#### [Problem description]
With every picture left out, restate the listing below exactly as written.

#### [Data section]
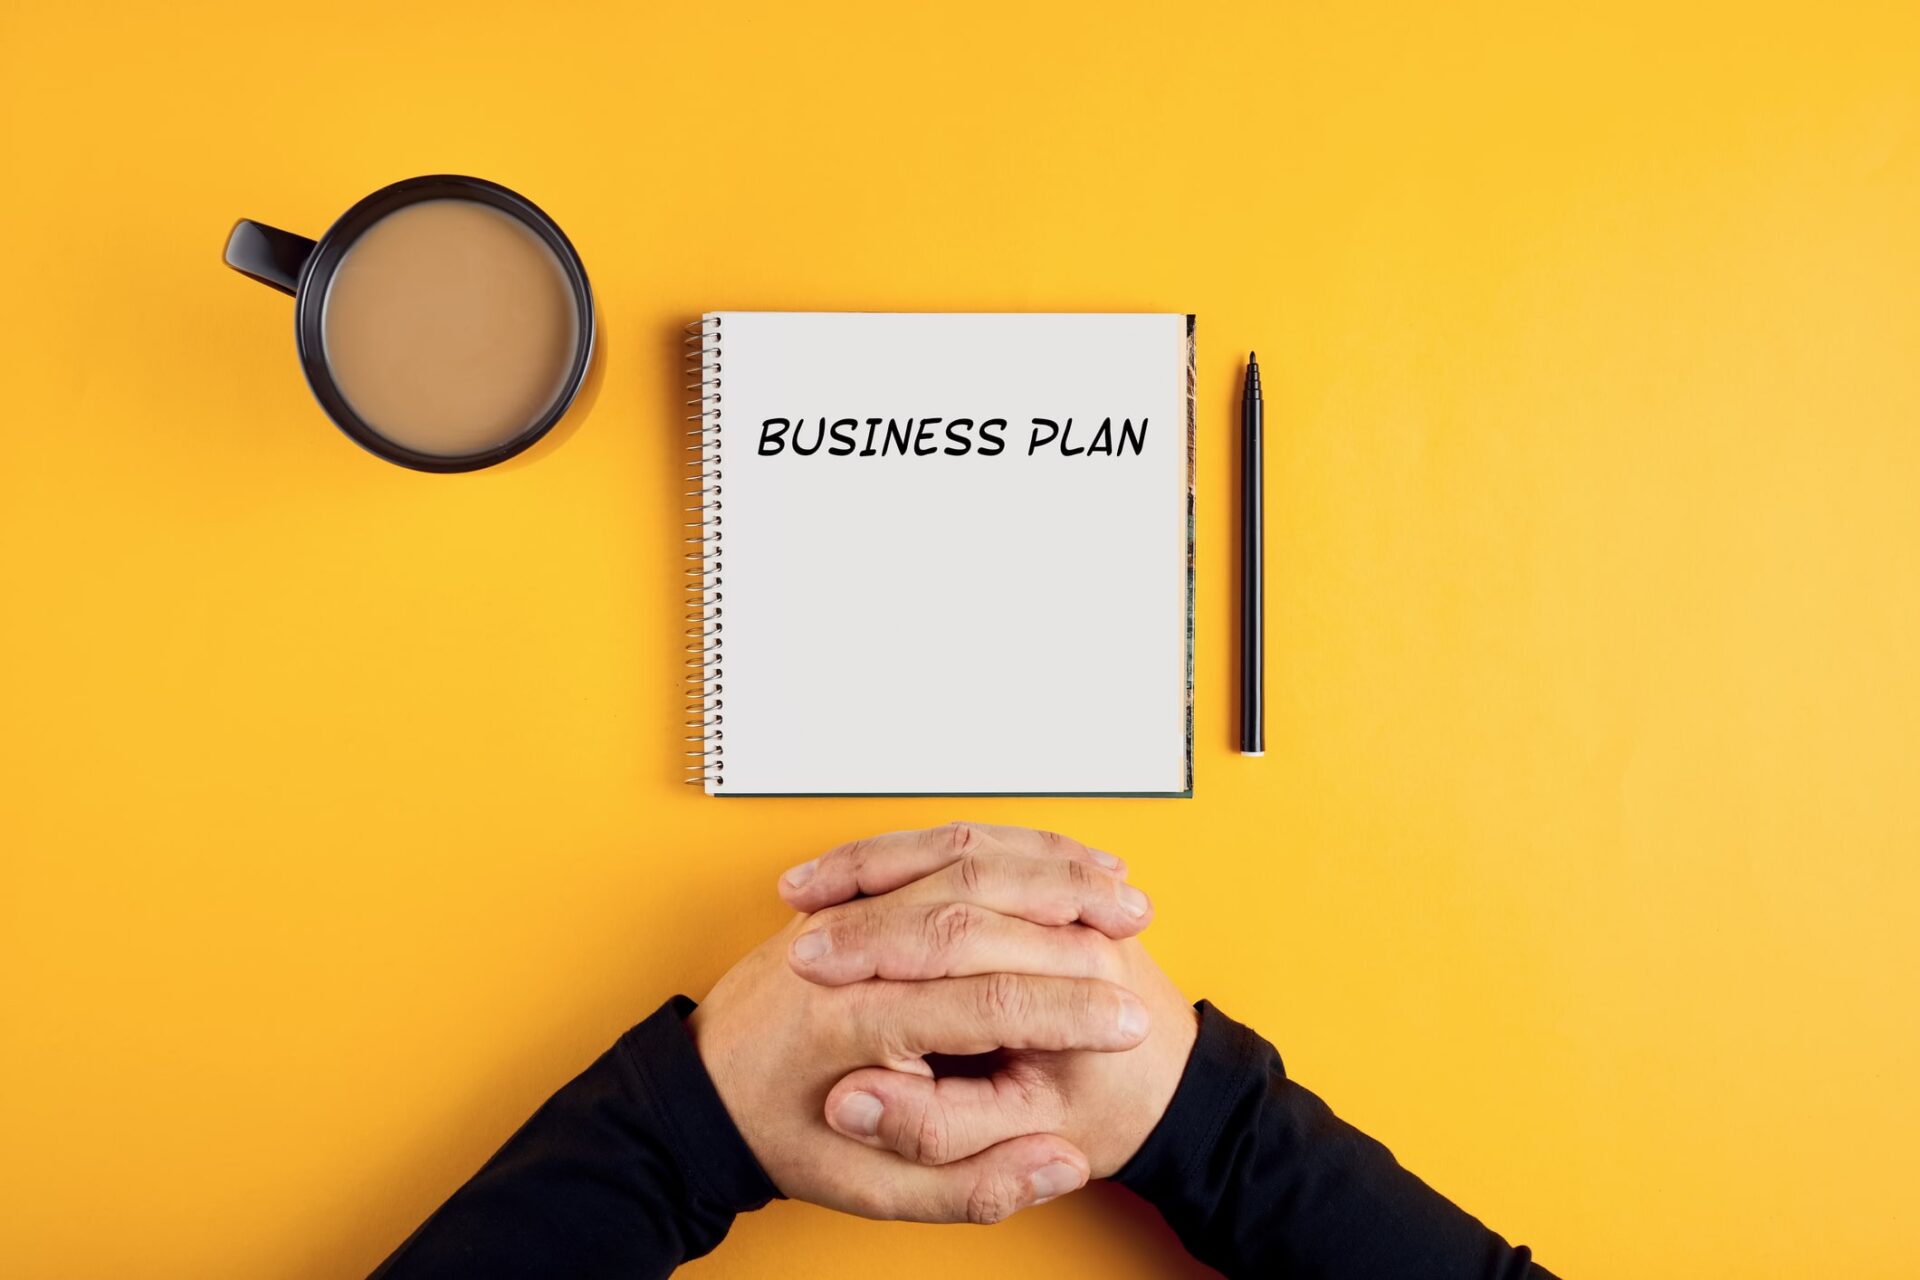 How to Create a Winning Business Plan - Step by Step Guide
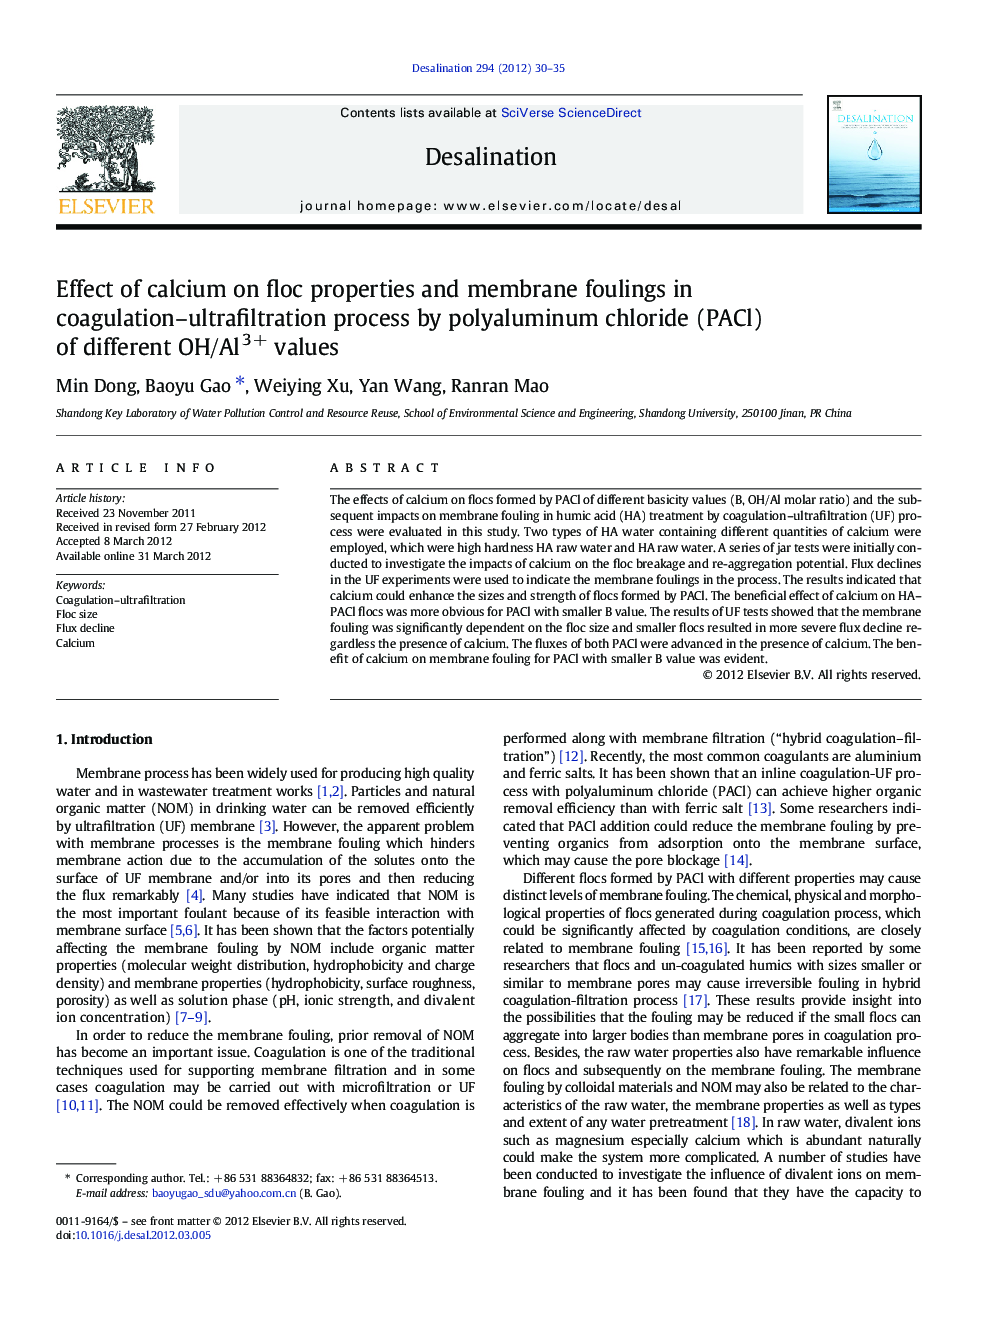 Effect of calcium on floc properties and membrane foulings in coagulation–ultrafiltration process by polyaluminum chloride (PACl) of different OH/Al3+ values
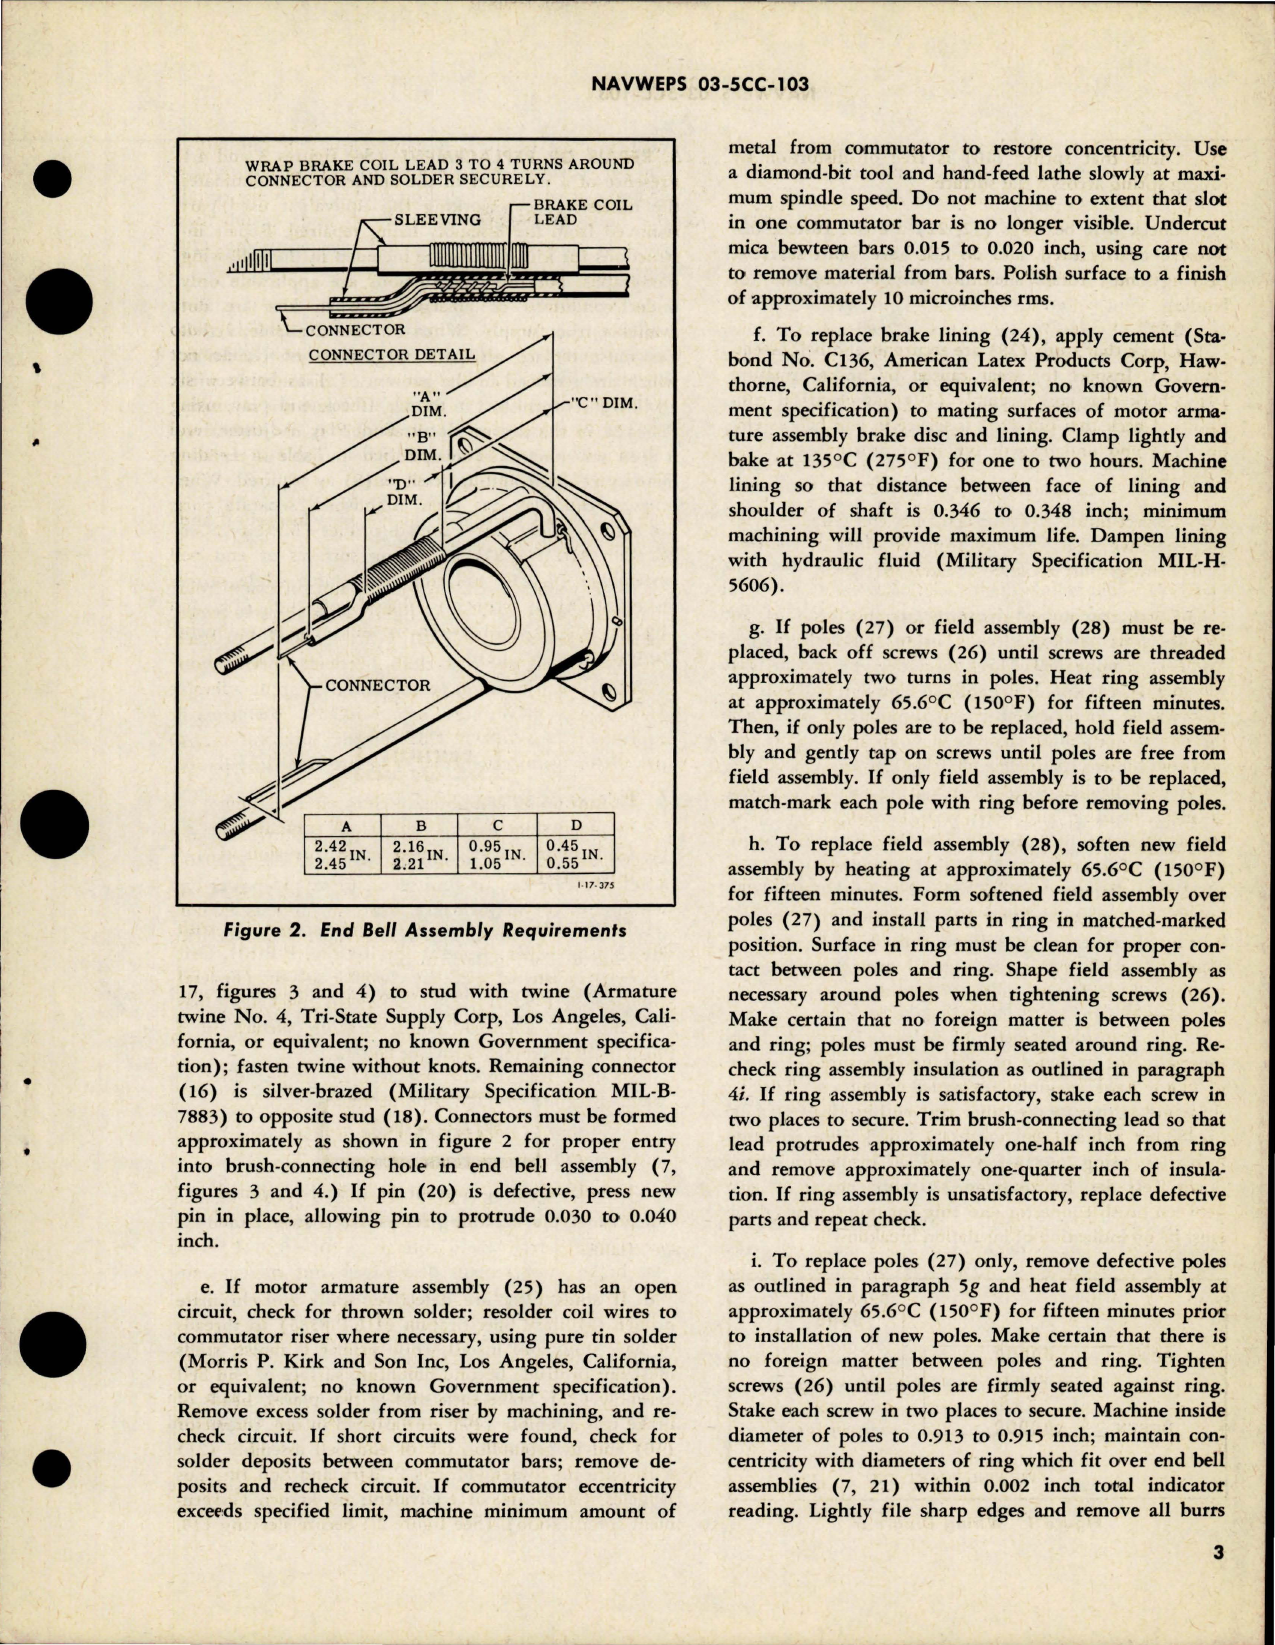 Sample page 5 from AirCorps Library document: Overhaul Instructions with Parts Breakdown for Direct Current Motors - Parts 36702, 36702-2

#### [Reply]
 How to Create a Winning Business Plan - Step by Step Guide
 Effect of calcium on floc properties and membrane foulings in coagulation–ultrafiltration process by polyaluminum chloride (PACl) of different OH/Al3+ values
 Sample page 5 from AirCorps Library document: Overhaul Instructions with Parts Breakdown for Direct Current Motors - Parts 36702, 36702-2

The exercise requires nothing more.